Finding versions of men and women in love is my theme for this year’s Armory week shows. Let’s dismiss the piles of melting or collapsing sculpture and the aisles of works pushing forward the usual body parts and agendas. What did you like? Many know that in D. H. Lawrence’s classic novel Women in Love, the working-class sisters Ursula and Gundrun, live in England’s industrial midlands before World War I. They search for love with Rupert and Gerald respectively; this quartet endures severe psycho-sexual dilemmas (seen, too, in Ken Russell’s Women in Love 1969 film). Have things improved today? [...]

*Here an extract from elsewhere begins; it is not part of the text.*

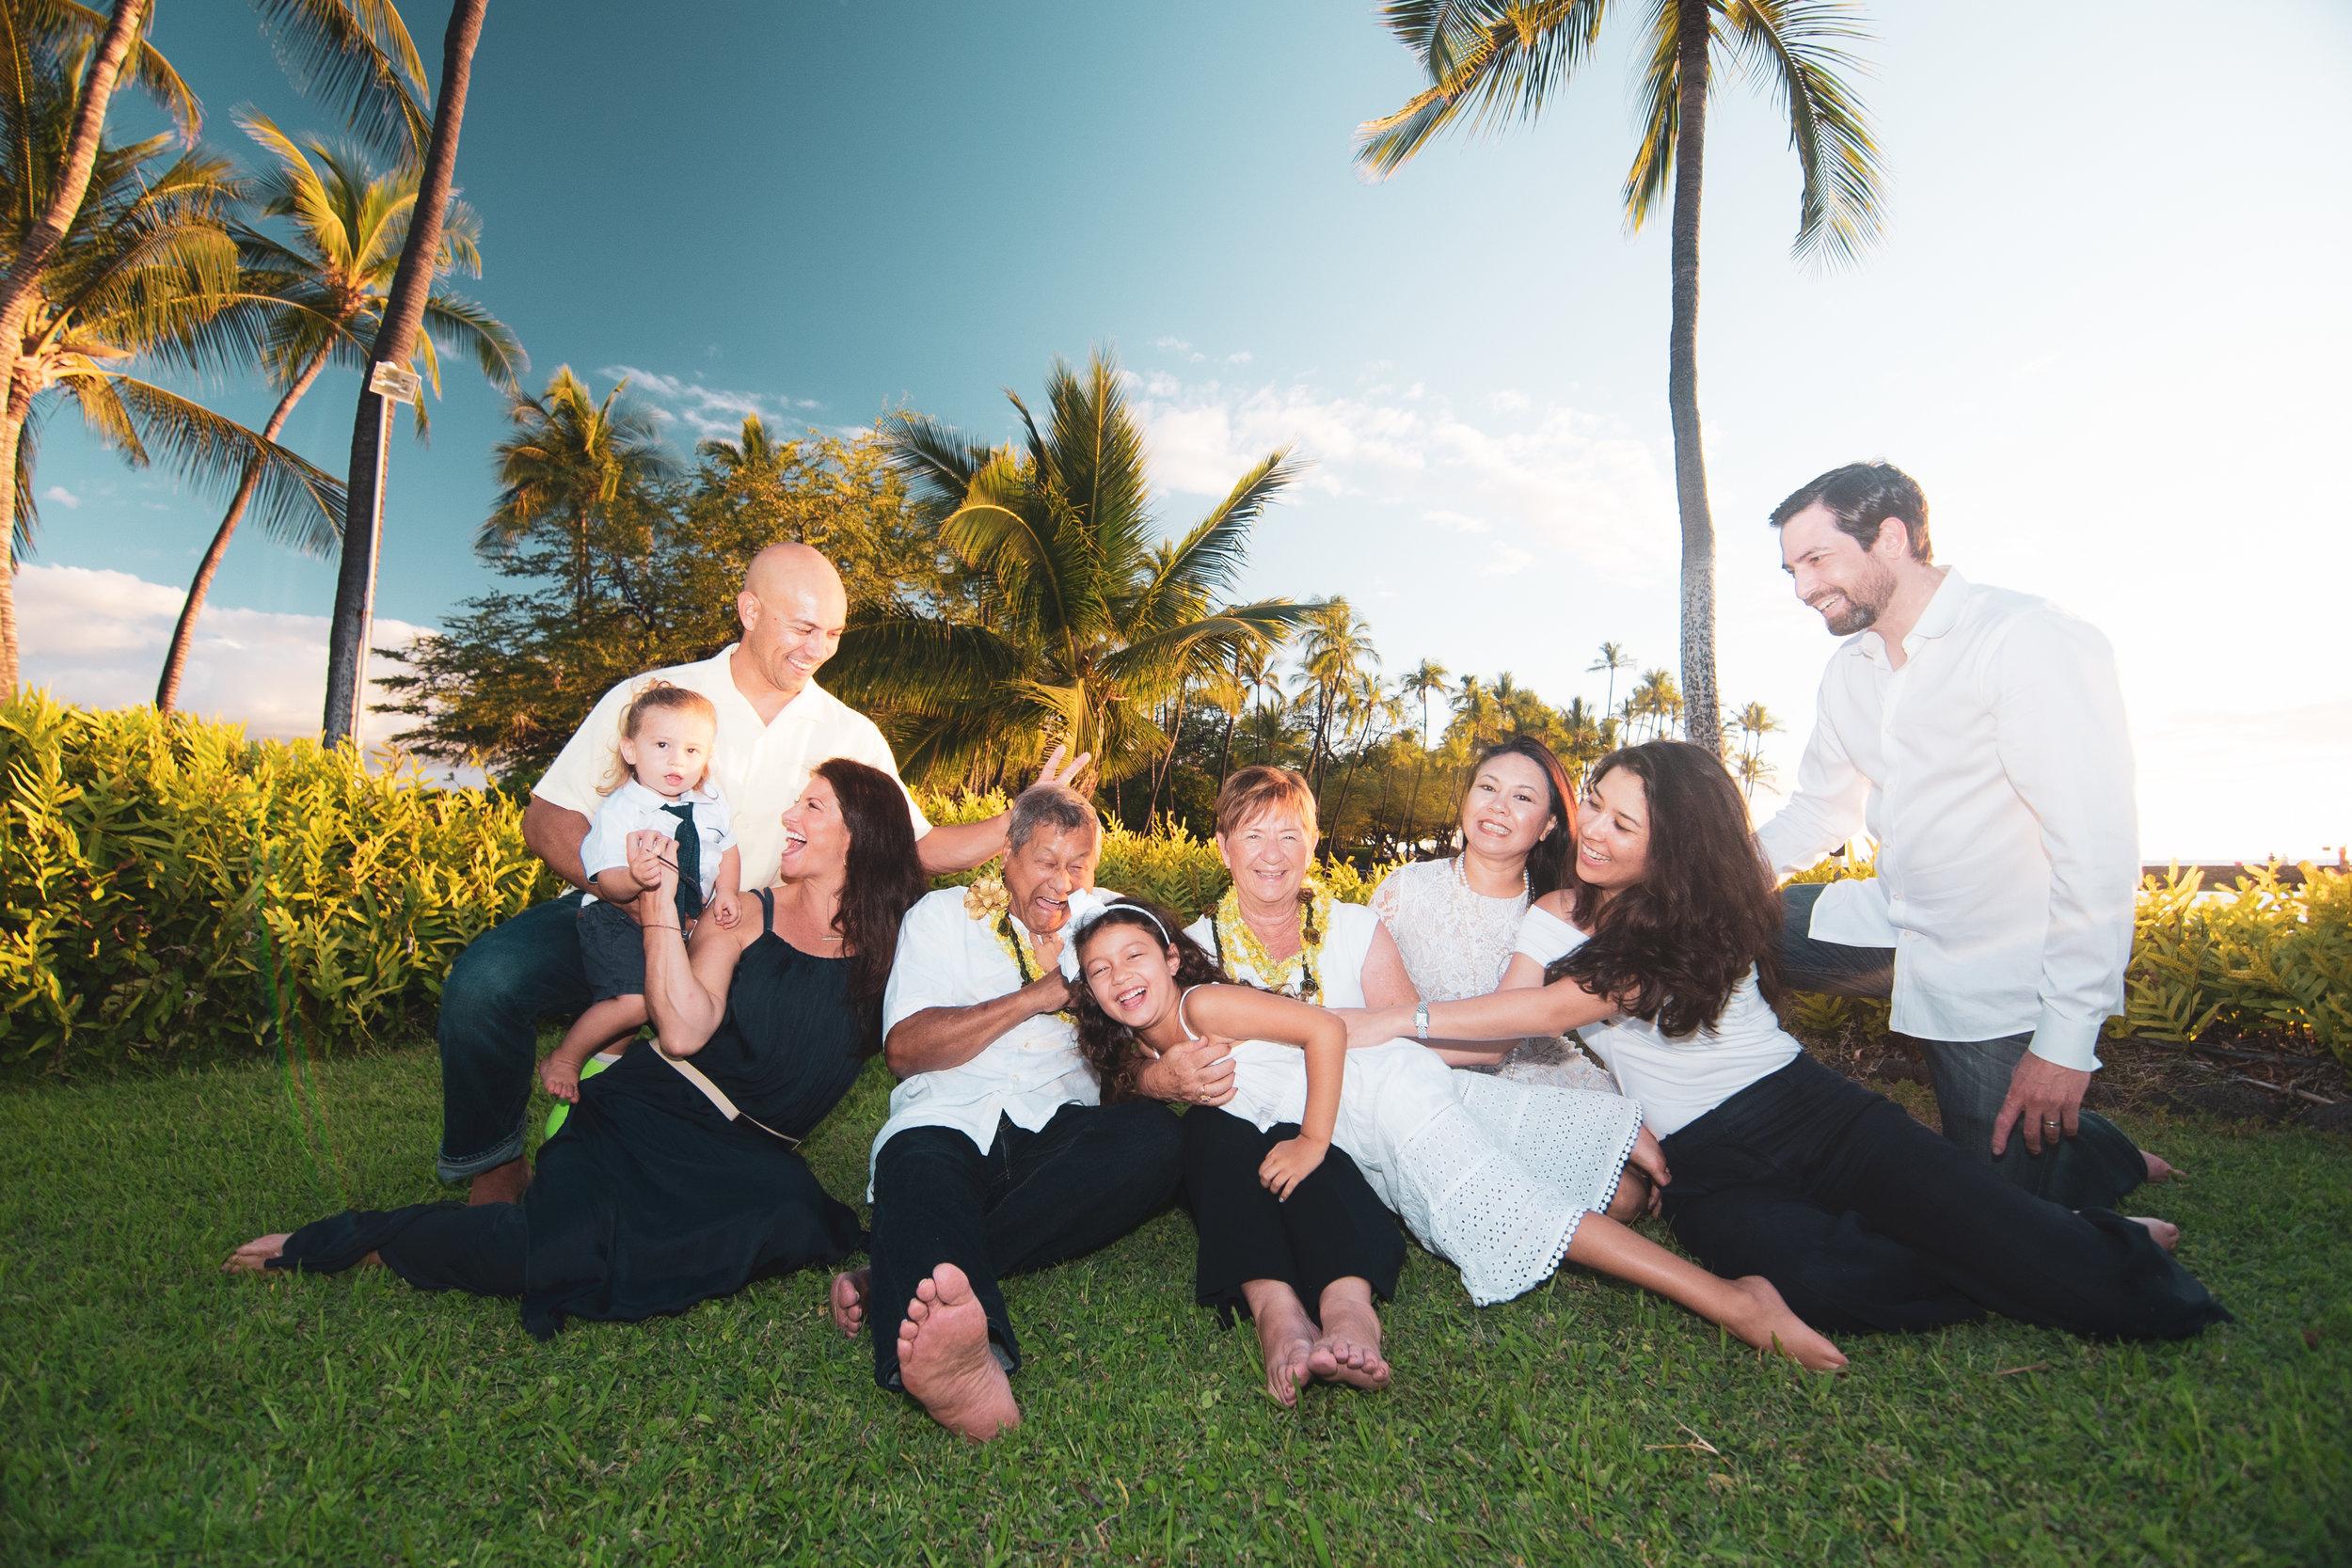 big island hawaii kona lifestyle beach family © kelilina photography 20190609184555.jpg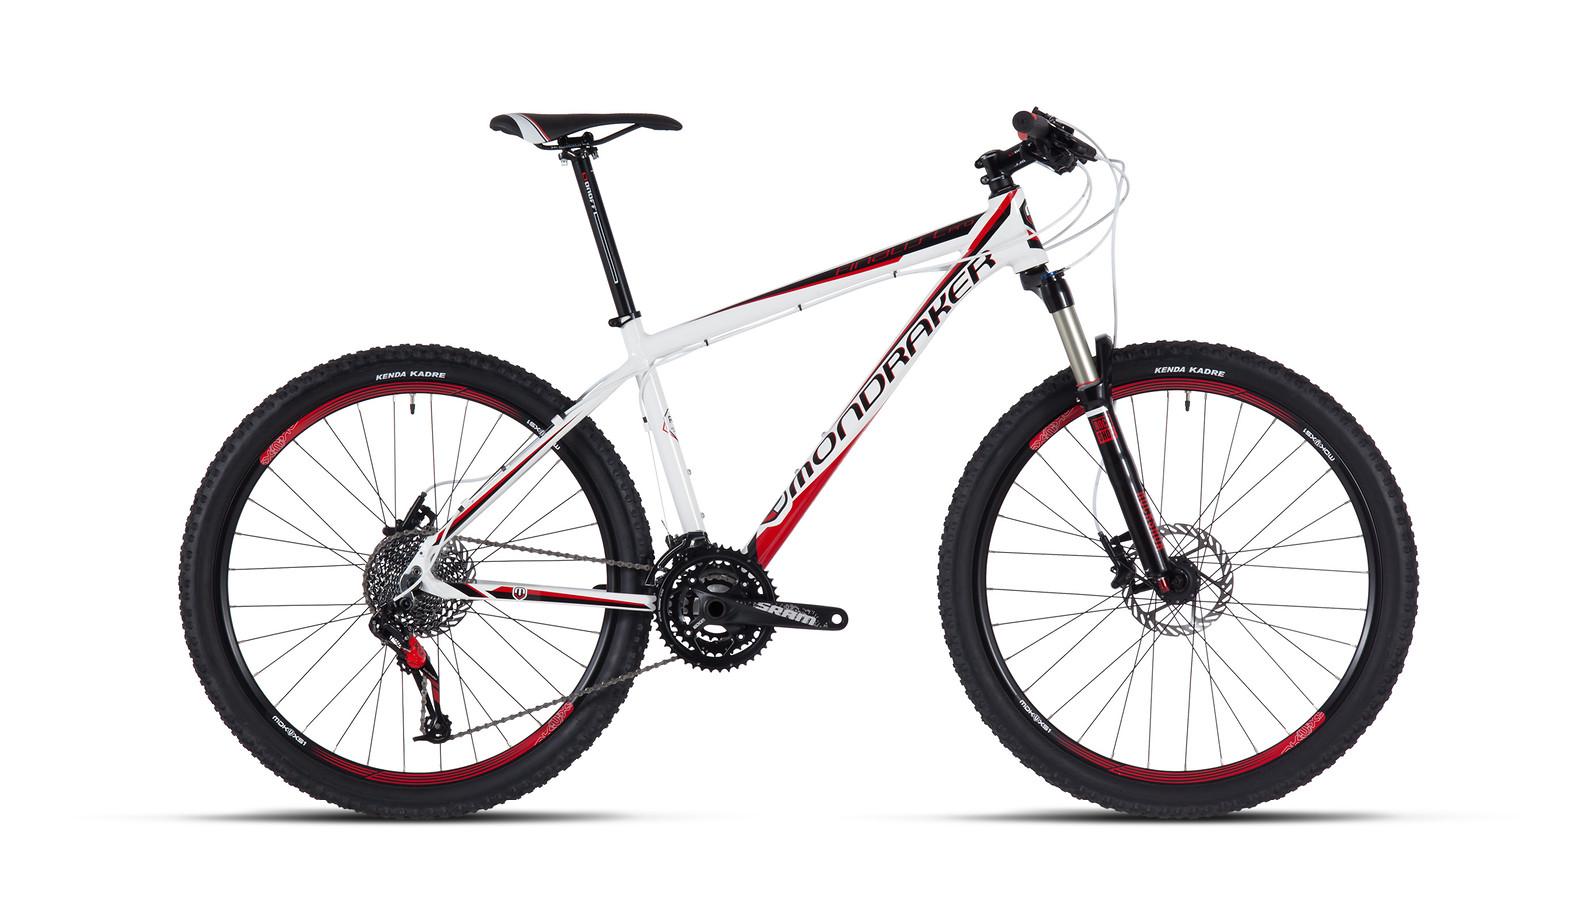 2013 Mondraker Finalist Pro Bike bike - mondraker finalist pro

Bright Lights, Big City follows an unnamed 24-year-old Manhattan fact-checker who unravels after his wife leaves him. Artist Tim Youd, using the same style typewriter as Jay McInerney’s original Smith-Carona classic 12, greeted the author as he was re-typing the novel at Cristin Tierney’s Gallery in Manhattan. Nearby guests drank champagne, but Youd will be typing until September 13; he’ll switch to an IBM Selectric II at the end as did the author for his final draft. Youd has 1600 followers on Instagram; collectors buy his typed pages as art. Youd’s manual typewriter collection at home in California may be art, too. As his typed art takes him all over the world, Youd seems happy enough yet he often types books by men who are not.
Tim Youd re-types Bright Lights, Big City as part of Fifteen, a group exhibition currently on view at Cristin Tierney Gallery’s new Tribeca location through October 4.